EE, the reason I seperate them out is that I see a difference between giving money to UNICEF to help the poor and giving money to James Robison’s Africa ministry where the Gospel is preached at the same time. To me I don’t see how UNICEF helps people to obtain eternal life. It may make them live physically so that in the future missionaries can come and share the Gospel with them like Christ says in the Great Commission but beyond that in the eternal aspect I see a difference.

The NT shows the aspect of combining the physical and Spriritual. Christ always talked about the Kingdom when doing His ministry of healing the sick. The focus was never on the physical alone but the focus was for people to realize who He actually was which was at all times God. During Paul’s ministry it was the same. They healed the sick and Scripture mentions in the same breath how they Believed and got Baptised. Scripture always shows a combination of physical healing and/or helping the needs of the physical poor and sharing the Gospel for Salvation and/or Scripture shows a Salvation response in response to the physical needs being met.

I think your last senstence is why it is so difficult these days with regard to the Gospel. Peoples hearts are so hard to the Gospel. That to me seems so sad. Kind of reminds me when Jesus said “A wicked a perverse generation seeks a sign.” (with regard to confirming to people who Christ really was).


Eugene McKinnon 06.30.07 at 4:43 am

I’m too tired to argue, too much birthday can do that to me and besides Heartbeat is on in twenty minutes. All I will say is that I agree with Wood, God has a huge heart for the poor and we should recognise that because of this we are truly impoverished by our material wealth and our stations in life.

Eugene McKinnon

P.S. If any of you are in need of some Scriptural proof go read the Prophets and the Gospels (preferably Luke). EMcK.


Beth 06.30.07 at 12:55 pm

Your birthday, Eugene? Manny happy returns, if so!

But honestly, you watch Heartbeat? Yuk.

Impoverishment through material wealth, yes, I get that. But why is it less deserving of God’s love, mercy and care than the impoverishment that comes through, say, the unwillingness to work, or drug and alcohol addiction, or some of the other, less immediately sympathetic causes of poverty? Why does God care less about someone who has worked themselves into the ground every day in order to provide a comfortable life for their family, than about someone who lives off benefits because they don’t want to work?
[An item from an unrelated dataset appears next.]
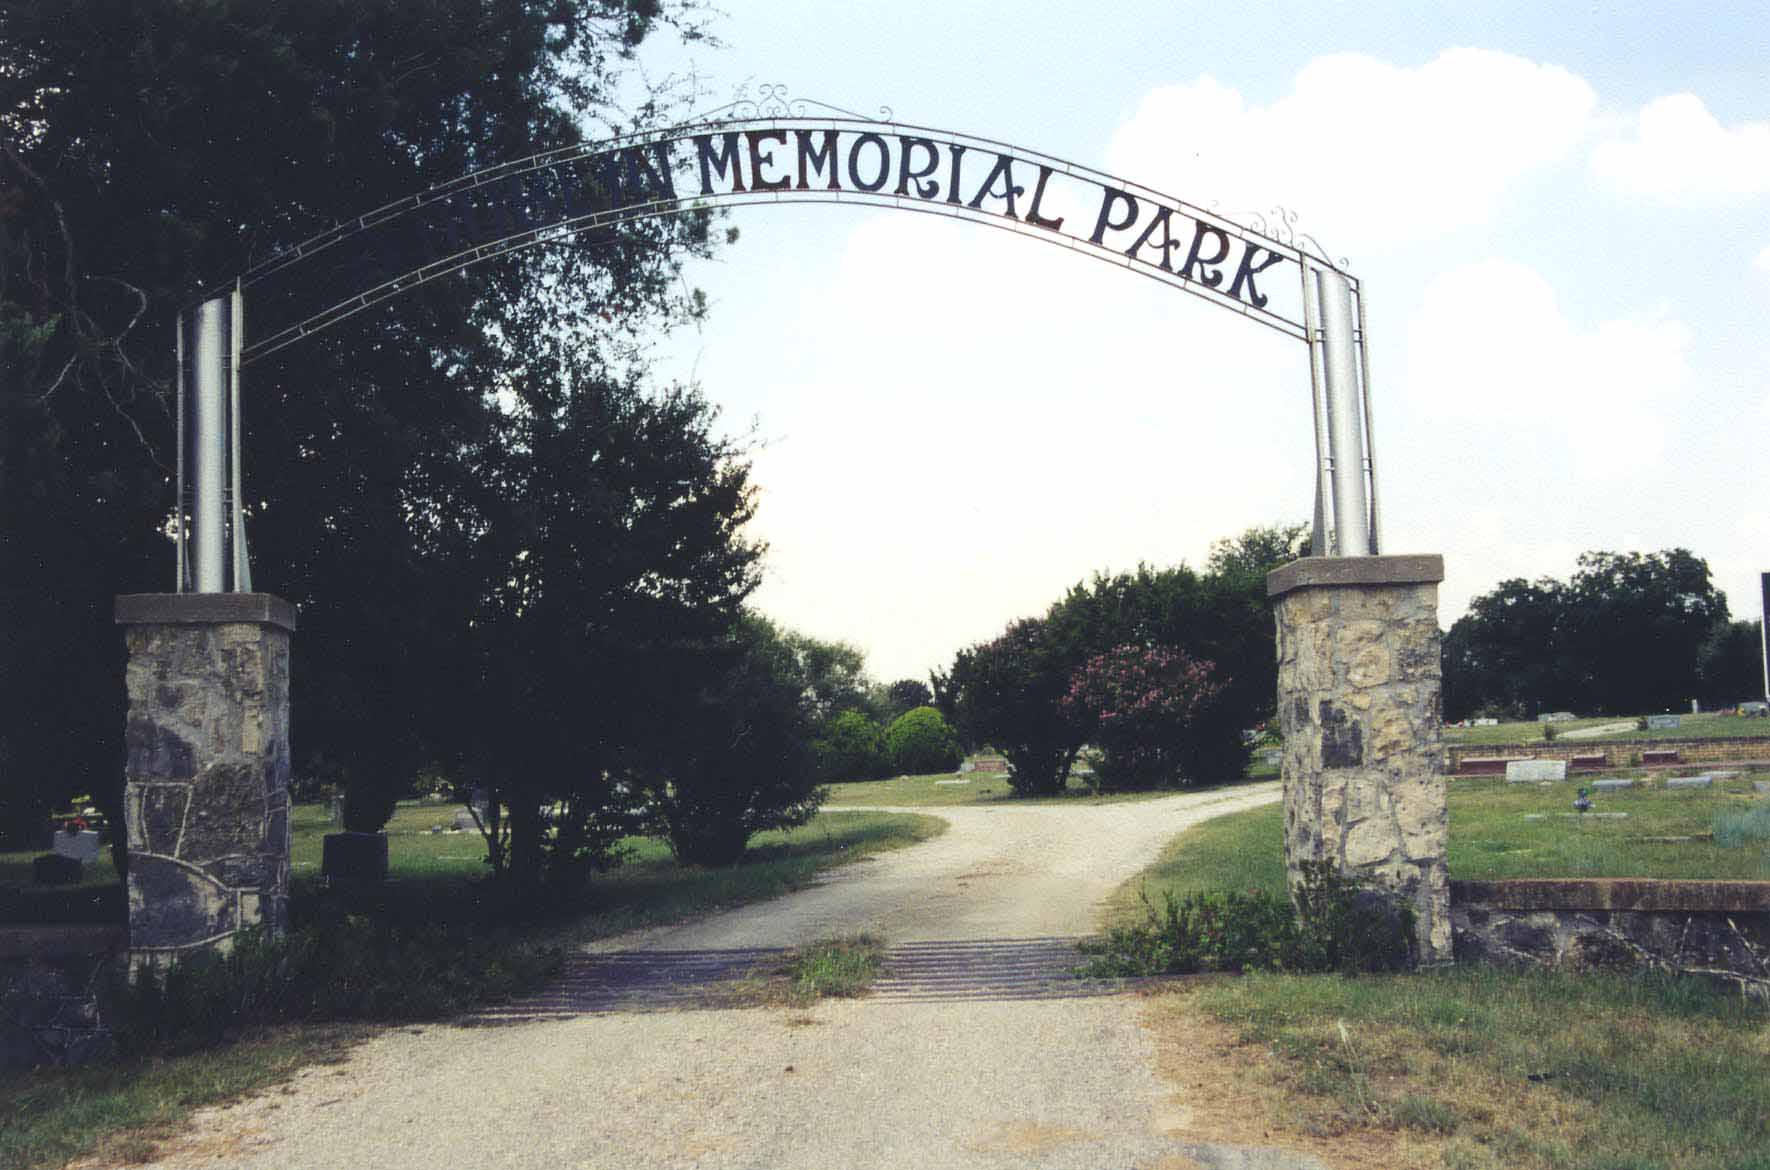 Old Dublin Memorial Park

My mother’s a socialist. She’d probably beat me if she heard me argue like this!


dh 06.30.07 at 11:07 pm

Eugene, none of what I said disagrees with what you and Wood said with regard to the poor. I just believe there is a difference between UNICEF and other Christian organizations helping the poor. To me we need to pursue ALL areas of Holiness with regard to the poor and other areas that are equally important and ALL should be pursued with 100% as well.
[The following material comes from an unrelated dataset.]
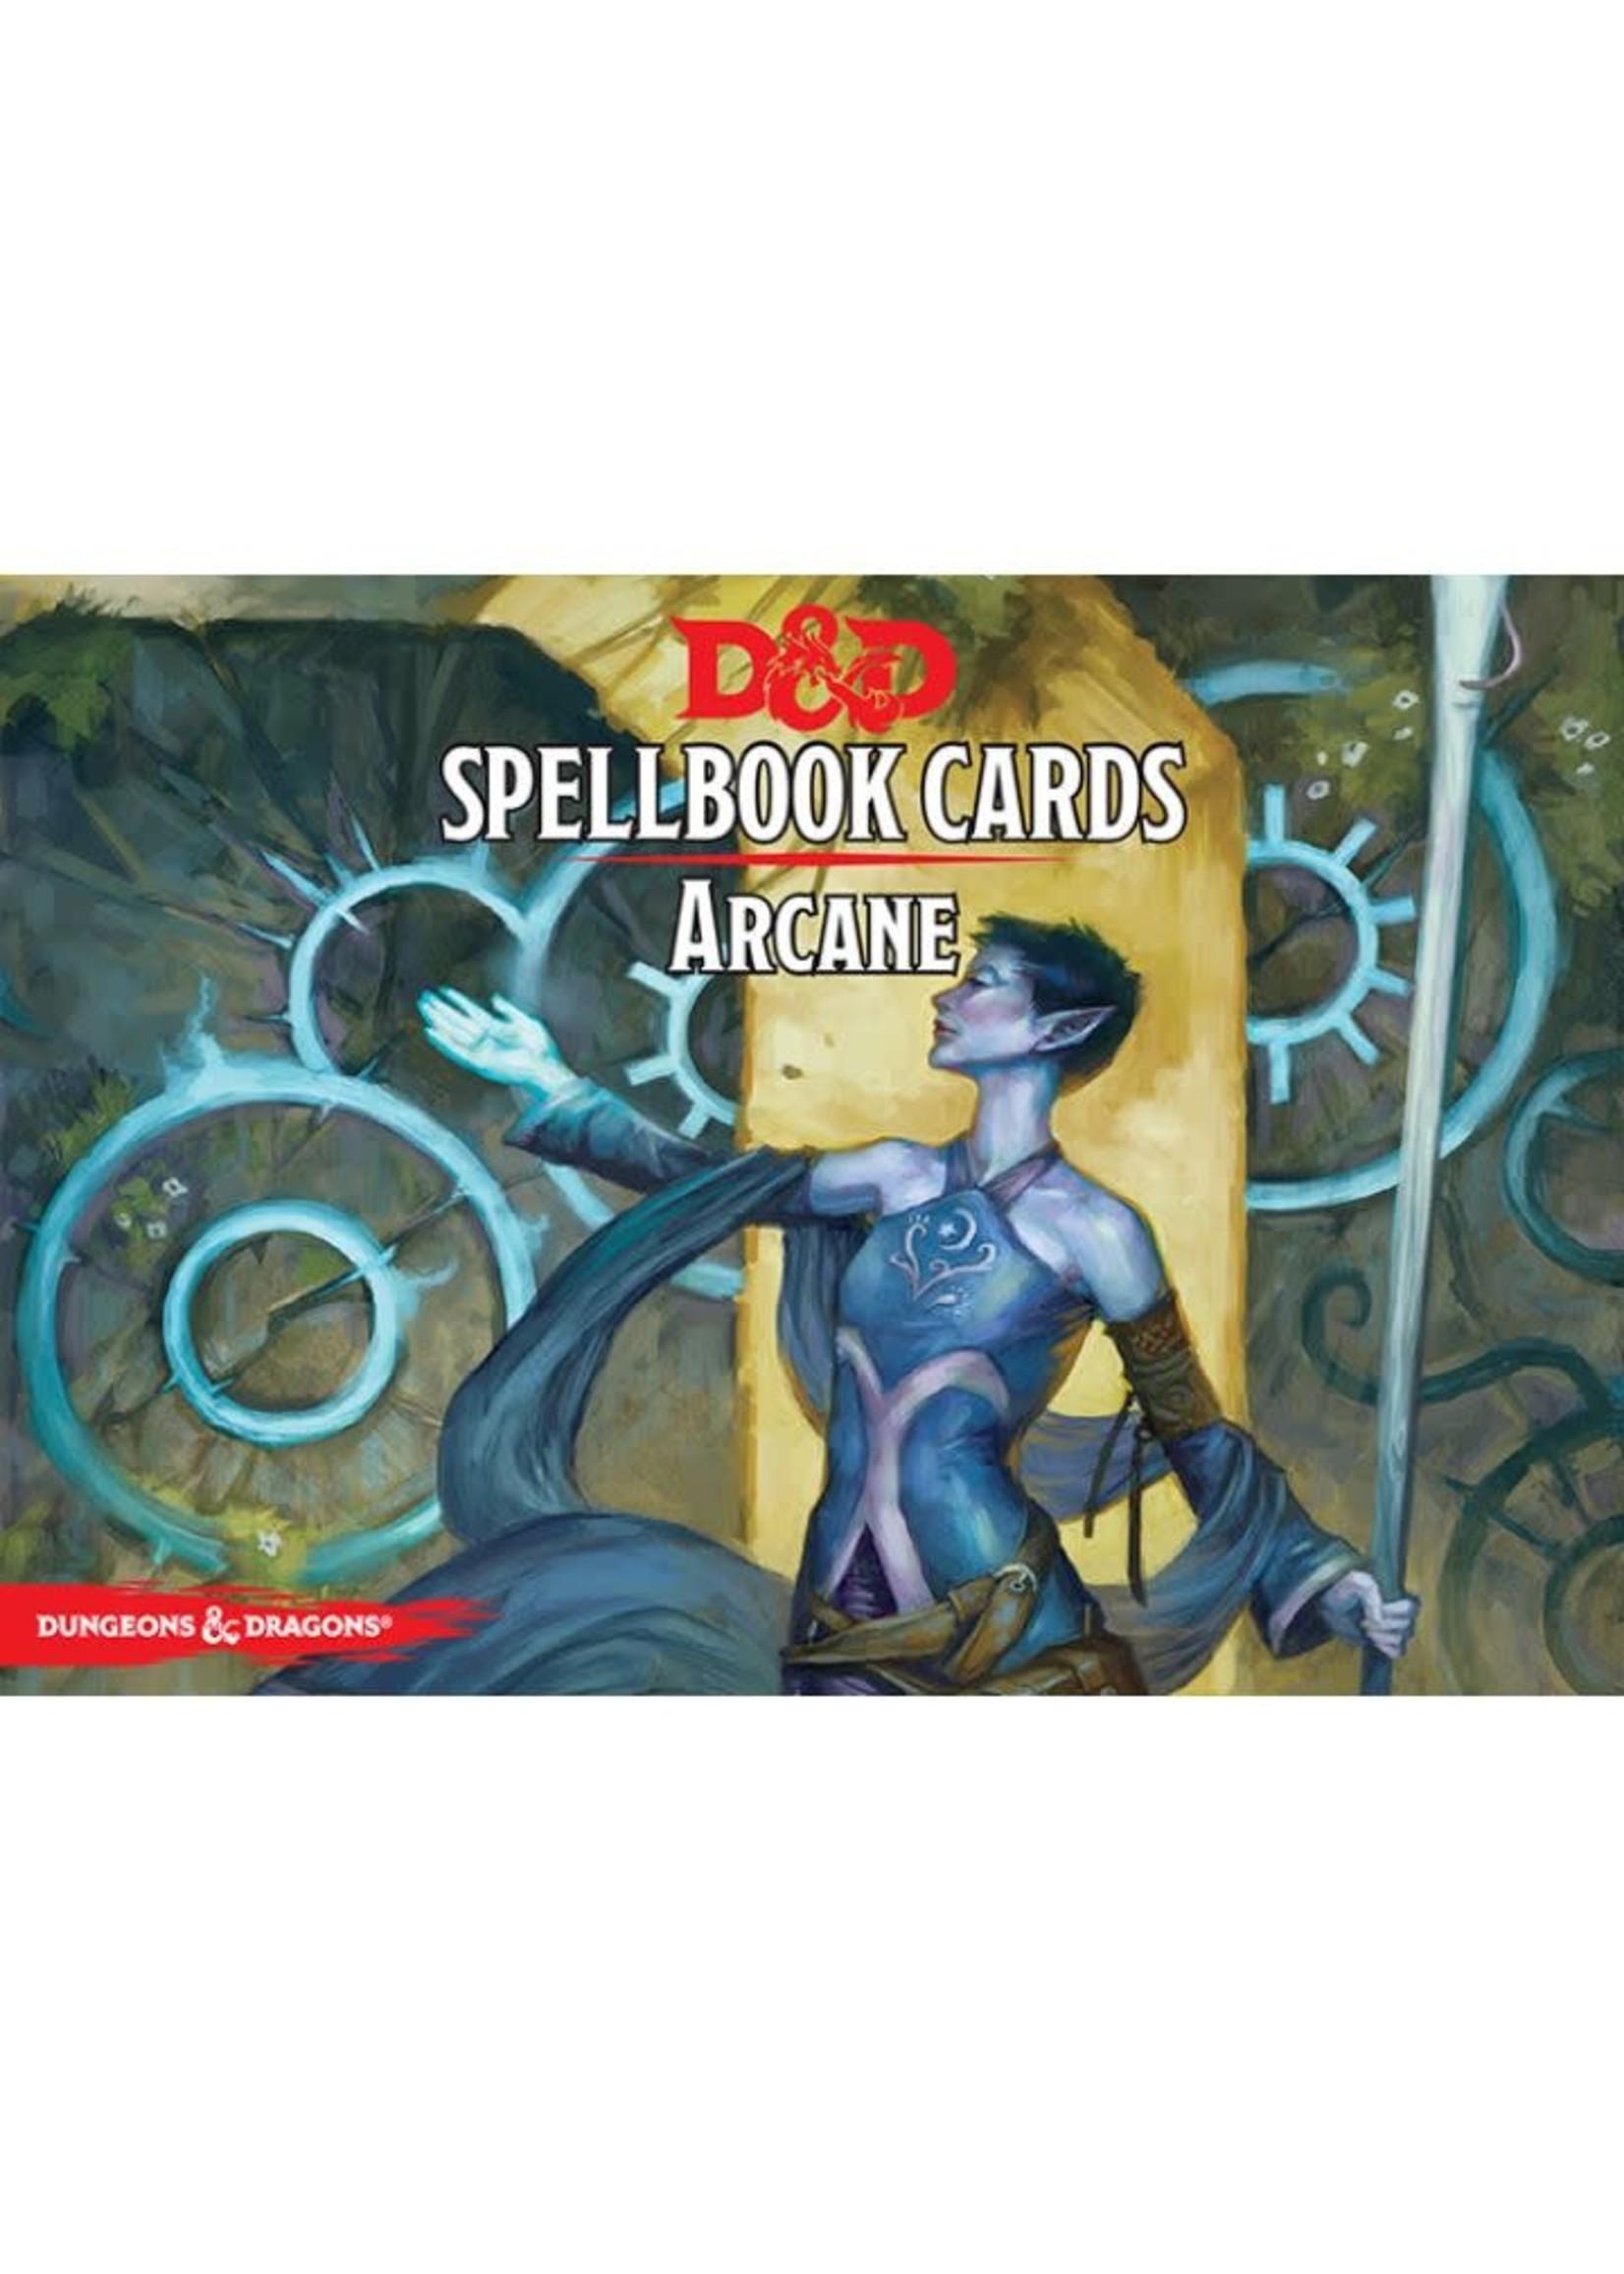 D&D Spellbook Cards Arcane

I totoally agree we need to do more for the poor. However, I don’t believe mentioning concerns about other areas of personal Holiness downgrasdes the importance to the poor. Jesus had the perfect balance in ALL areas of Holiness and wanted us to follow that lead.

Christ’s ultimate goal was what the Apostle Paul said “that as many as receive Him to them He gave them power to be Sond of God.” Christ never took care of the poor and neglected the state of the soul of people. He addressed both the spiritual and Physical and desired all to accept Him as Savior and at the same time calls us to help them physically as well.

Eugen we are in agreement it is just the care for poor and care of ones souls are not zero-sum games.


dh 06.30.07 at 11:21 pm

Beth, I agree with you more than you realize on this particular subject. I think you and I would agree we all need to do more for the poor. However, people need to be taught to help themselces if they are capabable of helping themselves. Beth, is that a statement you can agree with?